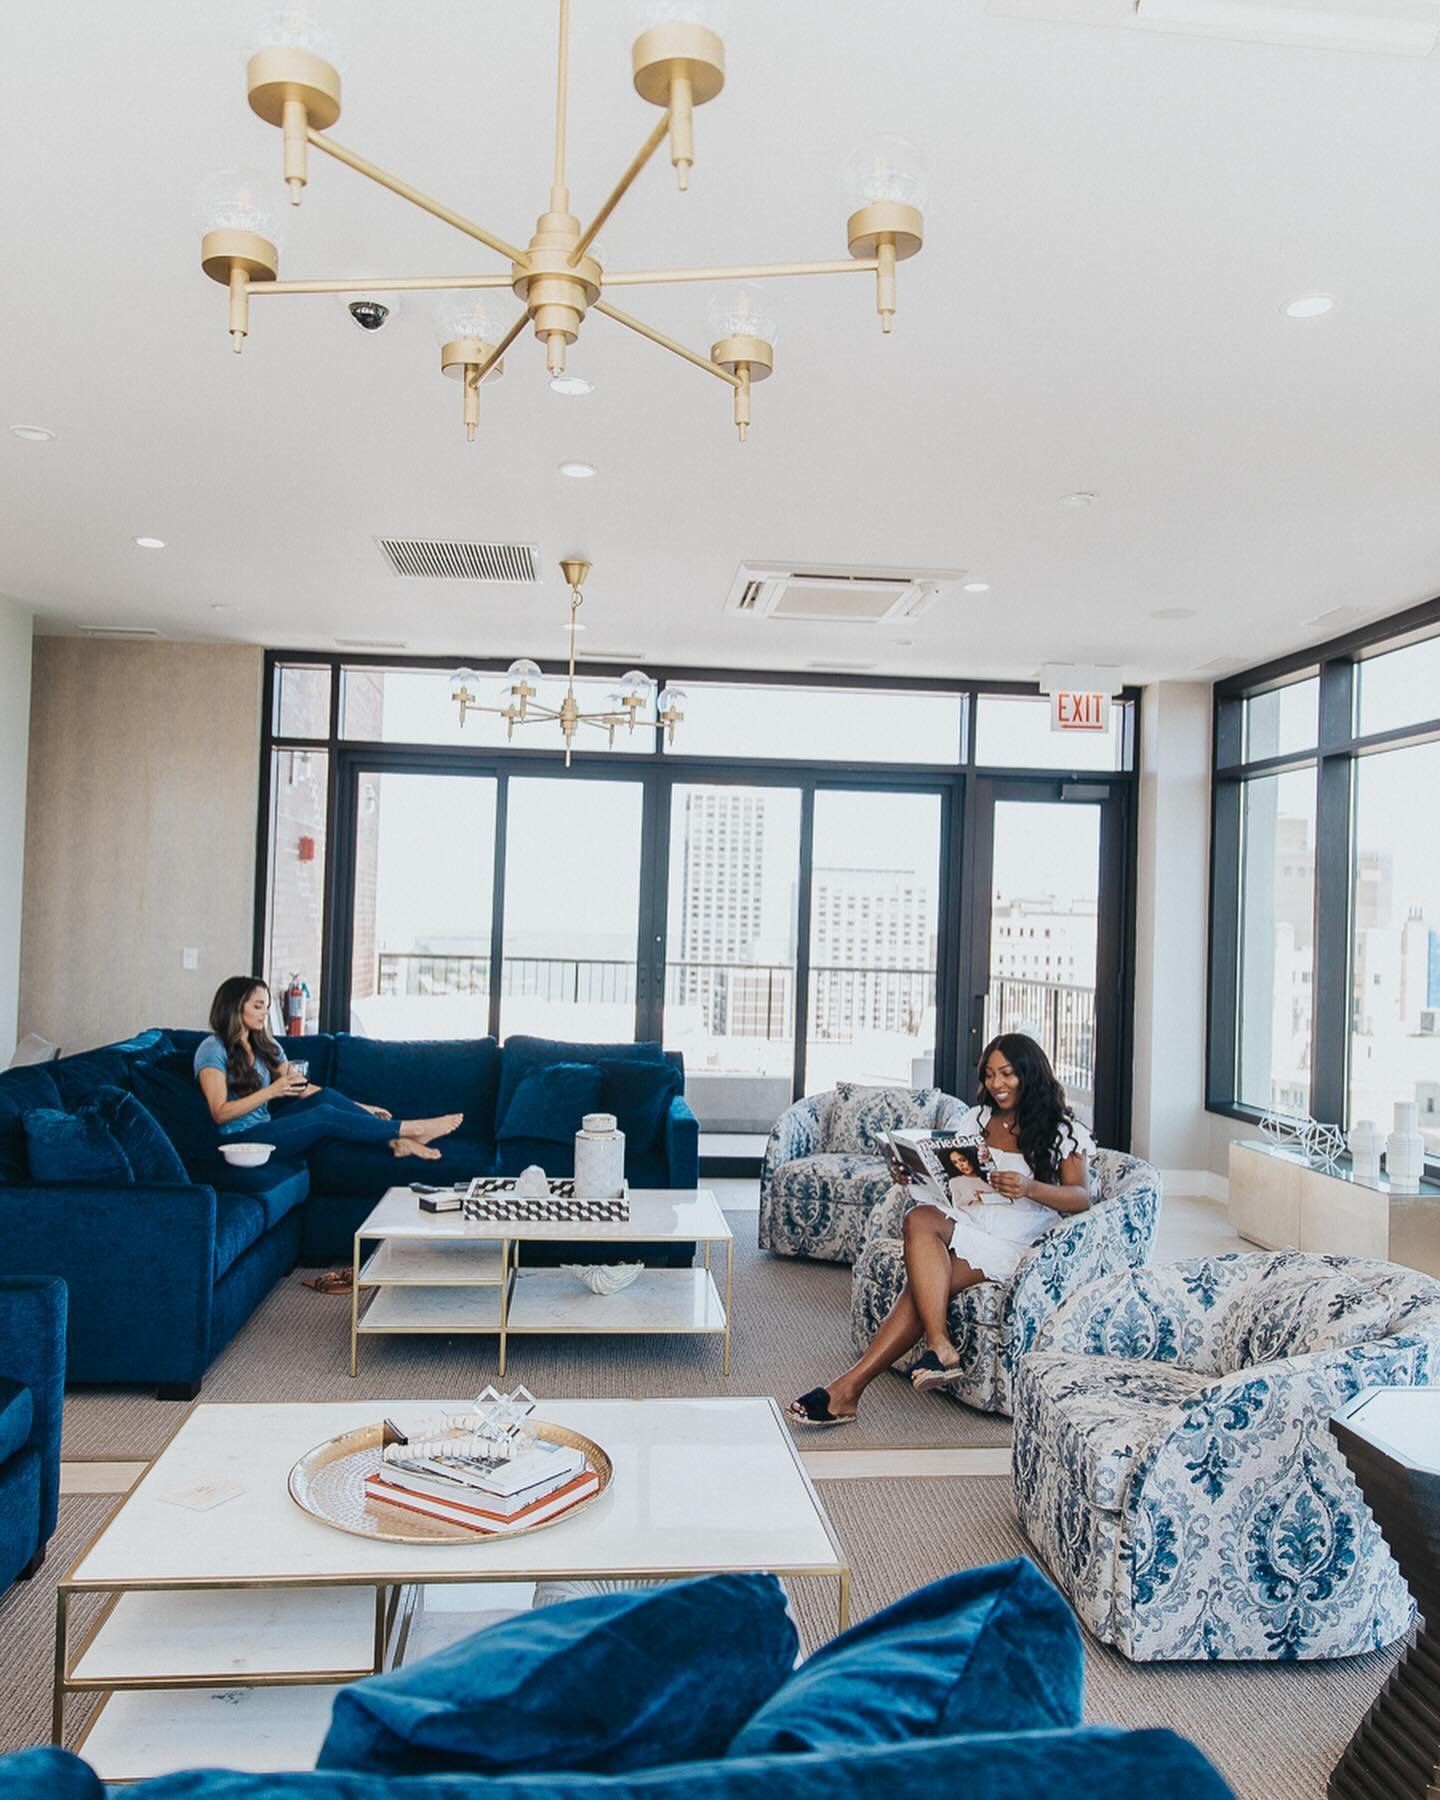 Luxury living in Chicago can be found on almost every block. 

When it comes to SMM campaigns, our agency has developed a fool proof process to help uncover your property&rsquo;s key differentiators and brand pillars. Is it views? Amenities? Convenie
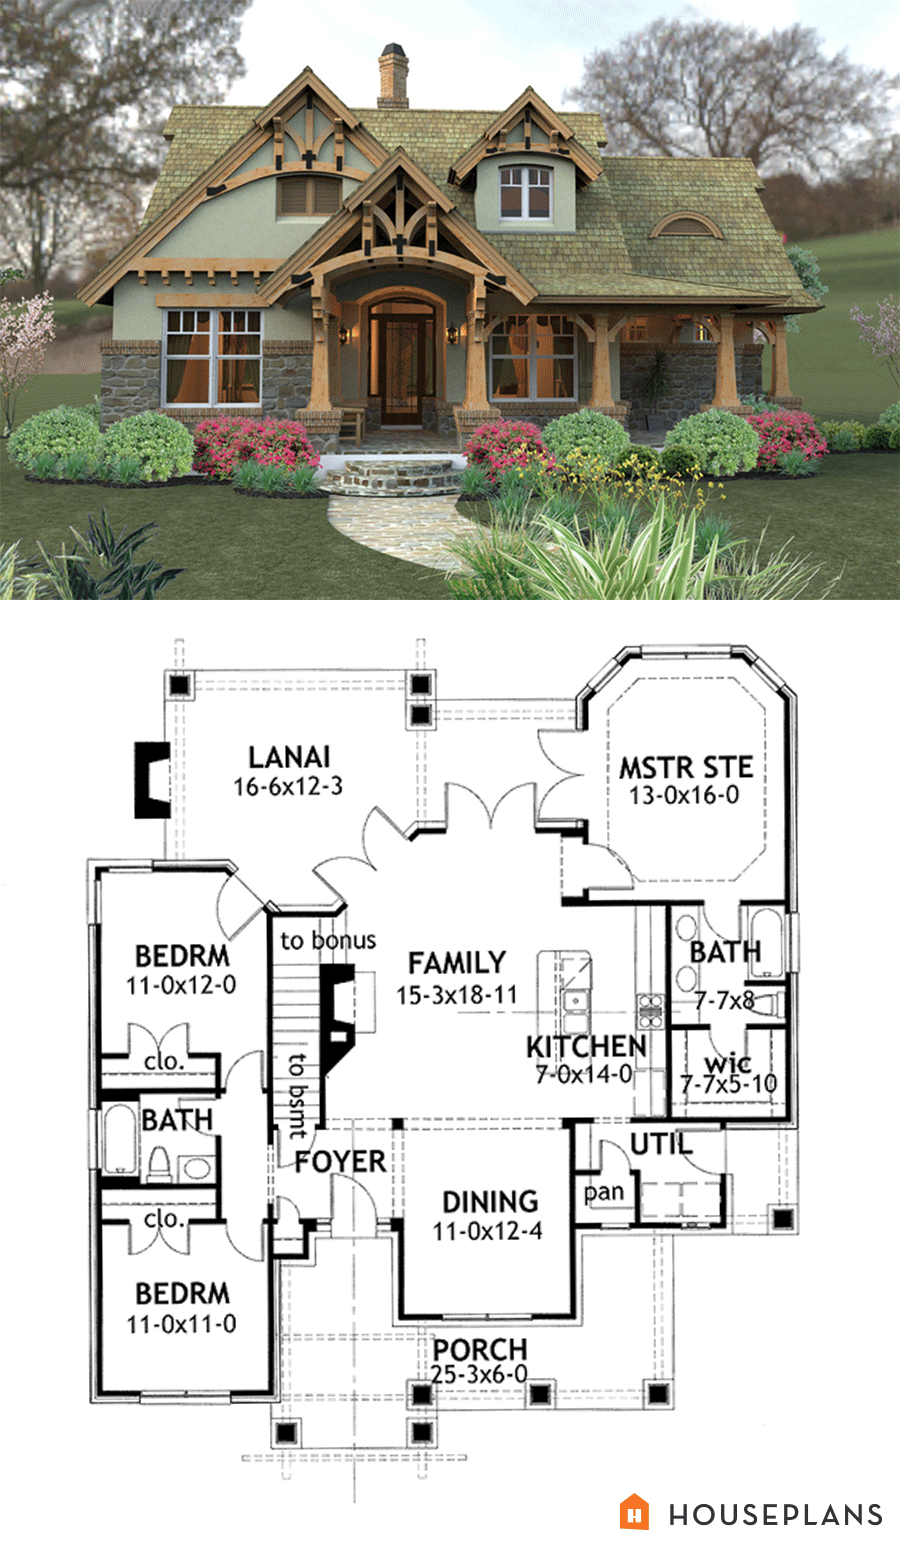 A small house plan with an open floor plan and a garage.

- Your goal: Restate the material word for word, minus pictures.

- Response box:
 Luxury living in Chicago can be found on almost every block. 

When it comes to SMM campaigns, our agency has developed a fool proof process to help uncover your property&rsquo;s key differentiators and brand pillars. Is it views? Amenities? Convenie
 A small house plan with an open floor plan and a garage.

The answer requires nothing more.